▶ [WORK ITEM]: The response should be an exact transcription of the data below, free of images.

▶ [MATERIAL PROVIDED]:
=== Begin Enclosure ===
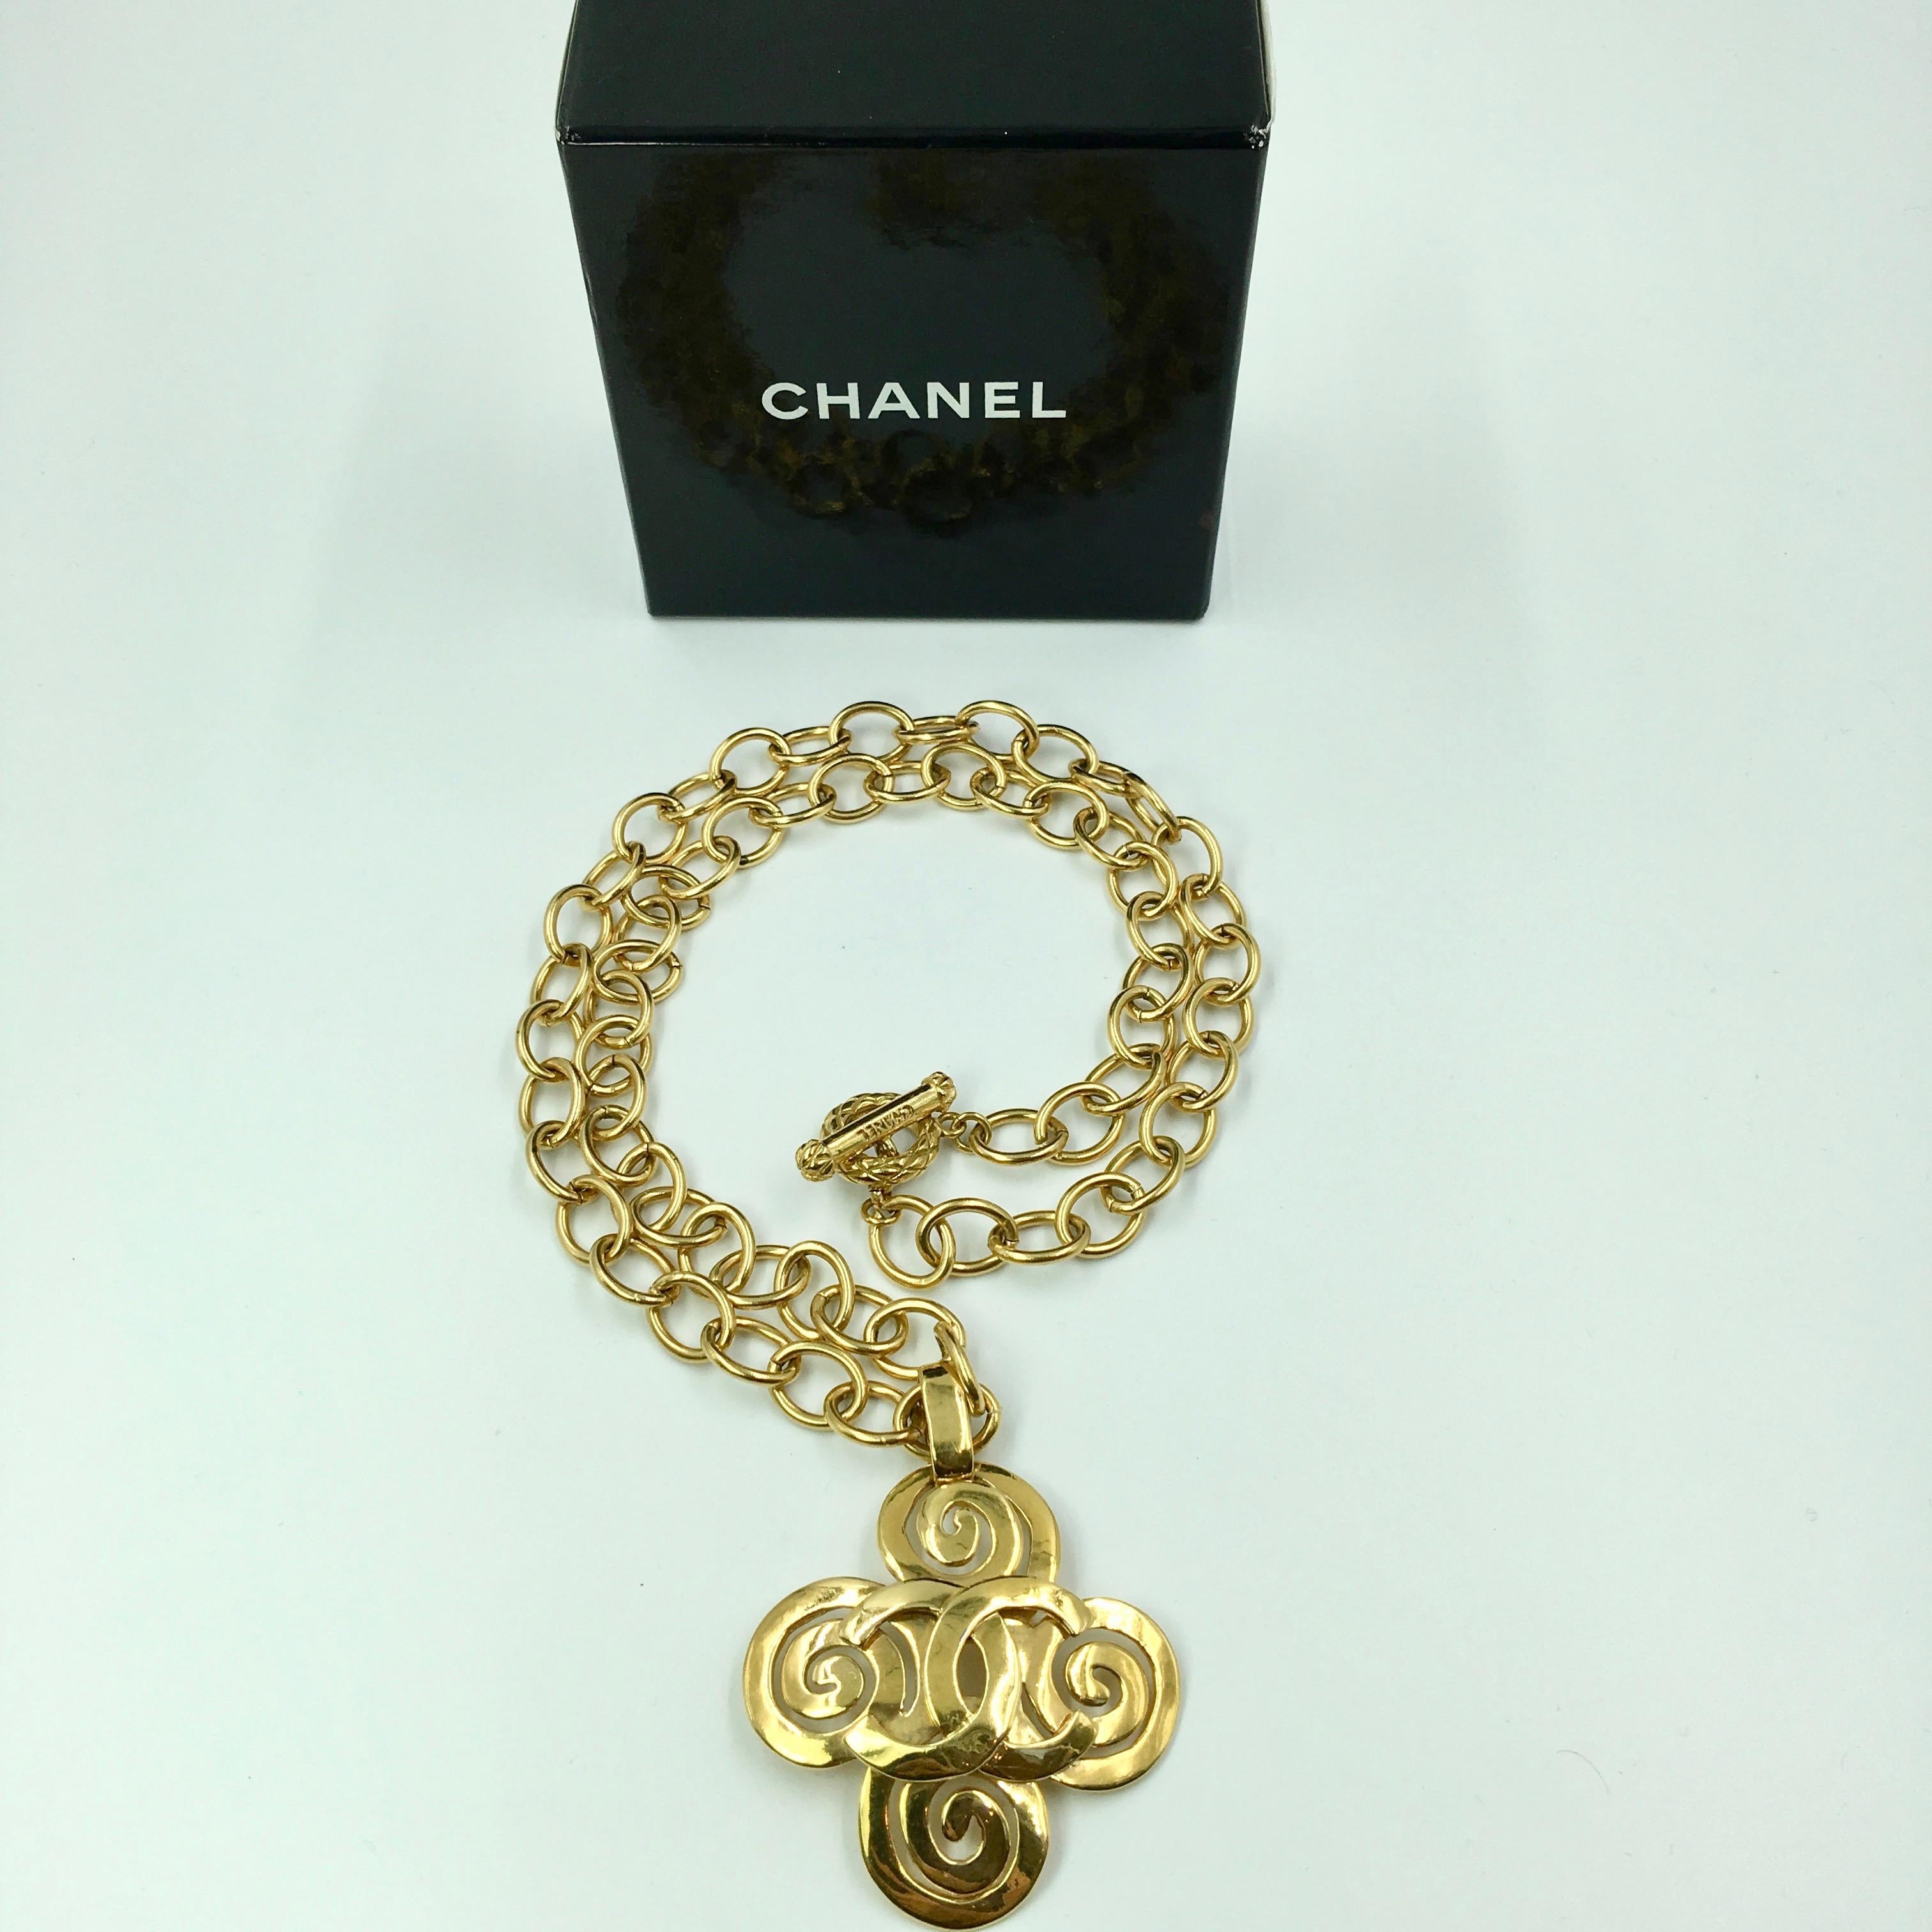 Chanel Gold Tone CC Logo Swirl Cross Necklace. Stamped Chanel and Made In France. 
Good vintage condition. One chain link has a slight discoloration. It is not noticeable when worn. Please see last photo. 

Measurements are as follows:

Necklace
=== End Enclosure ===
▶ [SOLUTION TO THIS PROBLEM]:
 Chanel Gold Tone CC Logo Swirl Cross Necklace. Stamped Chanel and Made In France. 
Good vintage condition. One chain link has a slight discoloration. It is not noticeable when worn. Please see last photo. 

Measurements are as follows:

Necklace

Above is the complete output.